The move mirrors a broader shift across machine learning evaluation. In the LLM world, contamination of benchmarks such as MMLU, GSM8K and HumanEval has been a recurring concern, and projects like Scale AI's SEAL Leaderboard, LMSYS's arena-style human preference evaluations, and various private-eval initiatives have emerged in response. Speech recognition has historically been somewhat insulated from this dynamic because acoustic data is harder to memorize incidentally than text, but as ASR models trend toward general-purpose audio foundation models trained on web-scale corpora, the same contamination risks apply. Whisper-style training recipes that scrape thousands of hours from the open internet can easily ingest portions of public test sets without the developers realizing it.

The competitive backdrop helps explain why the maintainers see this as urgent. The ASR field has grown crowded with strong entrants: OpenAI's Whisper family remains a baseline, while NVIDIA has pushed Canary and Parakeet to the top of public rankings, AssemblyAI has promoted its Universal models, and a steady stream of open-weight releases from labs such as Mistral-affiliated efforts and Chinese research groups continue to claim incremental WER wins. When fractions of a percentage point determine bragging rights, the incentive to overfit to the leaderboard — even unconsciously — grows accordingly.

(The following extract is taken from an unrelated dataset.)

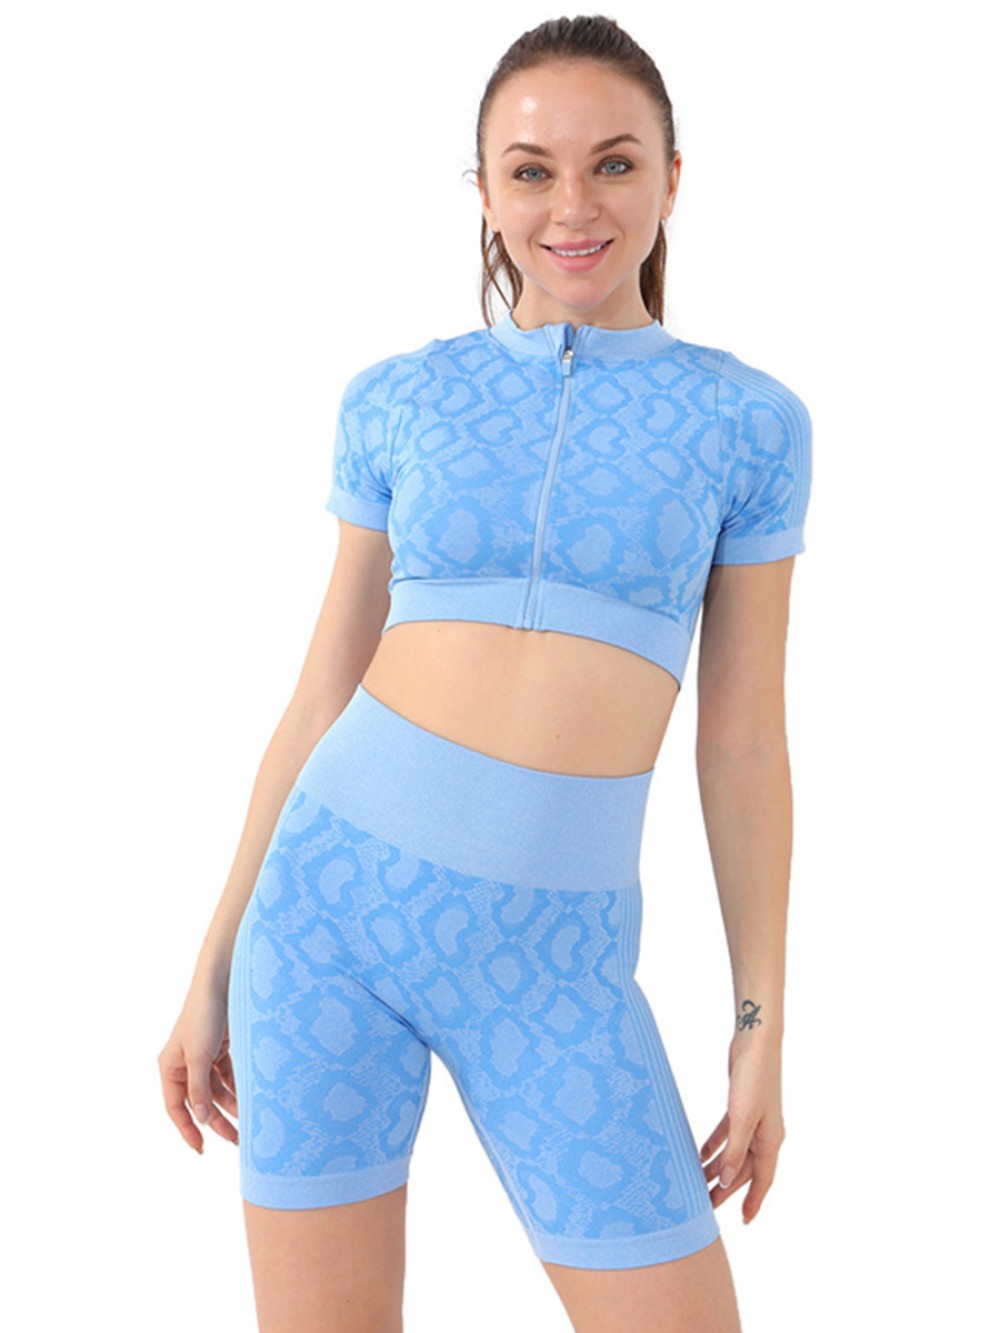 New Arrivals Zipper Front Tight Crop Top And Shorts Jogging Wear Yoga Set

For practitioners choosing a model, a private evaluation track should make the rankings more trustworthy as a proxy for real-world deployment. For model providers, however, it introduces logistical friction. Submitting to a private benchmark typically requires handing over model weights or, at minimum, an inference container that the maintainers can run on held-out audio. That is straightforward for open-weight releases but awkward for closed commercial APIs, which may need bespoke arrangements or rate-limited endpoints. How the leaderboard handles proprietary systems — and whether vendors such as Deepgram, AssemblyAI, Google, or Microsoft will participate on equal footing — is likely to shape its long-term credibility.

There are also open methodological questions. A single private set can itself become stale or biased toward particular acoustic conditions, and rotating it periodically introduces its own comparability problems. The maintainers will need to balance freshness, domain coverage (telephony, broadcast, conversational, accented speech) and reproducibility. Even so, the direction of travel is clear: as foundation models absorb more of the open web, evaluation infrastructure has to move in the opposite direction, holding back data the models cannot have seen. The Open ASR Leaderboard's update brings speech recognition in line with that emerging norm, and may pressure other audio benchmarks to follow.